Orang-orang yang melihat fotoku di atas saat berada di bandara Cochin di India ini mungkin ada yang berpikir seperti: “Wah asyik ya jalan – jalan terus”, atau “Wah kapan ya aku juga bisa sampai ke sana”, atau “Nikmatnya kerja sambil jalan – jalan”, bahkan “Wah gilaa.. kemarin baru tempat A, sekarang sudah menclok ke tempat B”. Atau malah mungkin ada yang sebaliknya, “Baru bisa ke India saja sudah bangga”, atau “Hmm gitu aja sudah dipamerin” dan kalimat-kalimat nyinyir lainnya. Yah, seperti itulah hidup. Kita menilai dan diberi penilaian. Kita membuat interpretasi dan diberi interpretasi. Kita melihat dan dilihat. Vice Versa.
Saudaraku, untuk bisa berpose manis dengan latar belakang tulisan Kerala itu, berapa besar usaha yang harus kulakukankan?
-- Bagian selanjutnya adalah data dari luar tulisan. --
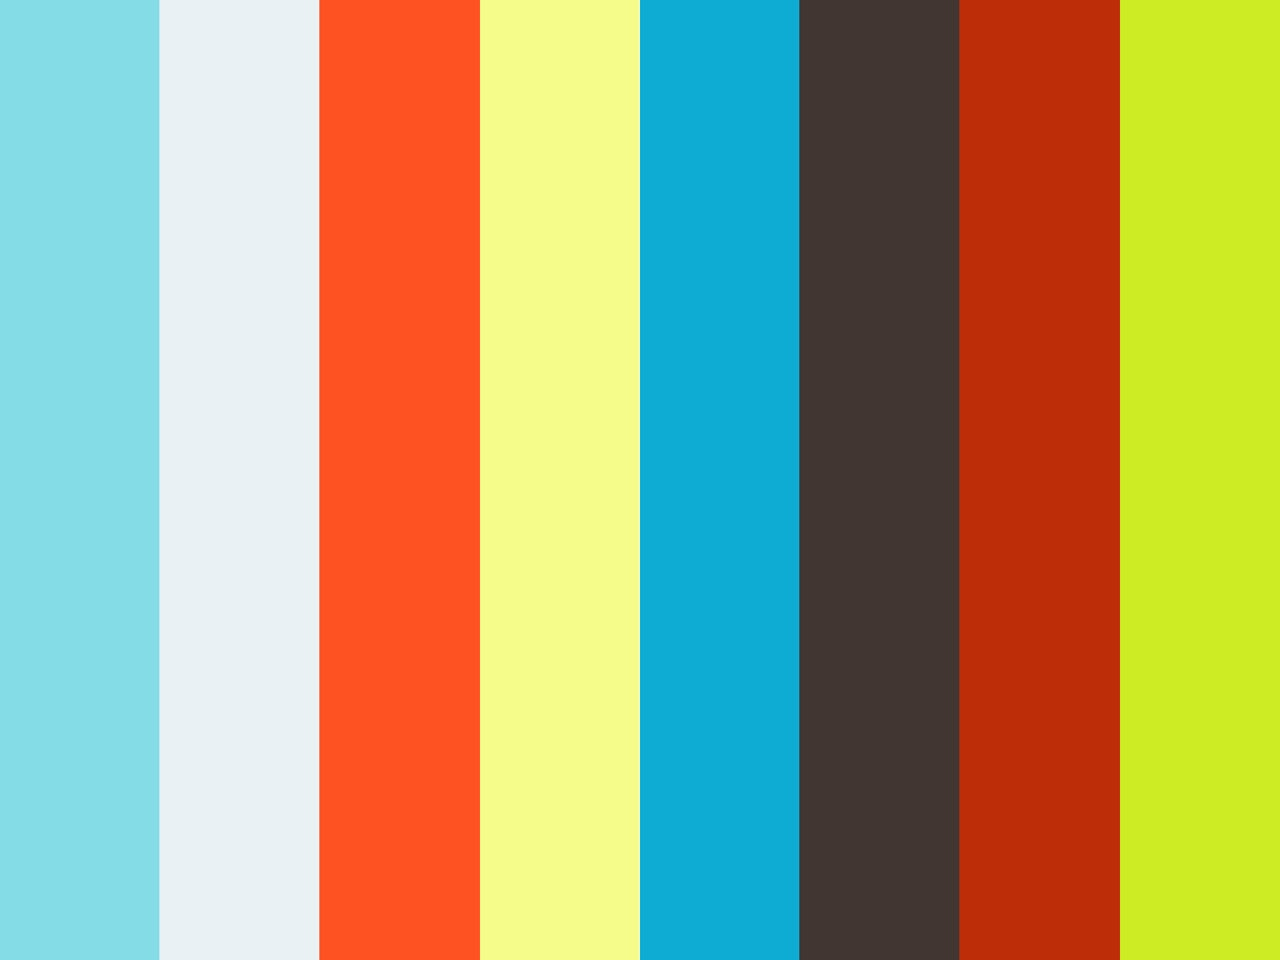 1. Mai 2017: Autonome gegen ein Familienfest der AfD

Dimulai dari jam 3.45 pagi bangun dan bersiap untuk berangkat pada jam 4.30. Perjalanan dua setengah jam untuk sampai di airport Semarang untuk mengejar pesawat 7.45 ke Jakarta. Di Jakarta, dari Terminal 3 aku dan temanku harus pindah ke Terminal 2 untuk menyambung pesawat ke Kuala Lumpur jam 12.30. Tiba di Kuala Lumpur jam 17.00, kami harus nongkrong di Kuala Lumpur International Airport selama kurang lebih 5 jam untuk melanjutkan pesawat ke Cochin.
KUL – COC yang berdurasi sekitar 4.5 jam itu menerbangkan kami sampai di sana pukul 1.00 dini hari (kalau di Indonesia berarti sudah pukul 2.30 pagi). Bisa dihitung, mulai dari bangun jam 3.45 WIB, sampai di bandara Cochin jam 2.30 pagi (atau jam 4.00 pagi WIB) hari berikutnya.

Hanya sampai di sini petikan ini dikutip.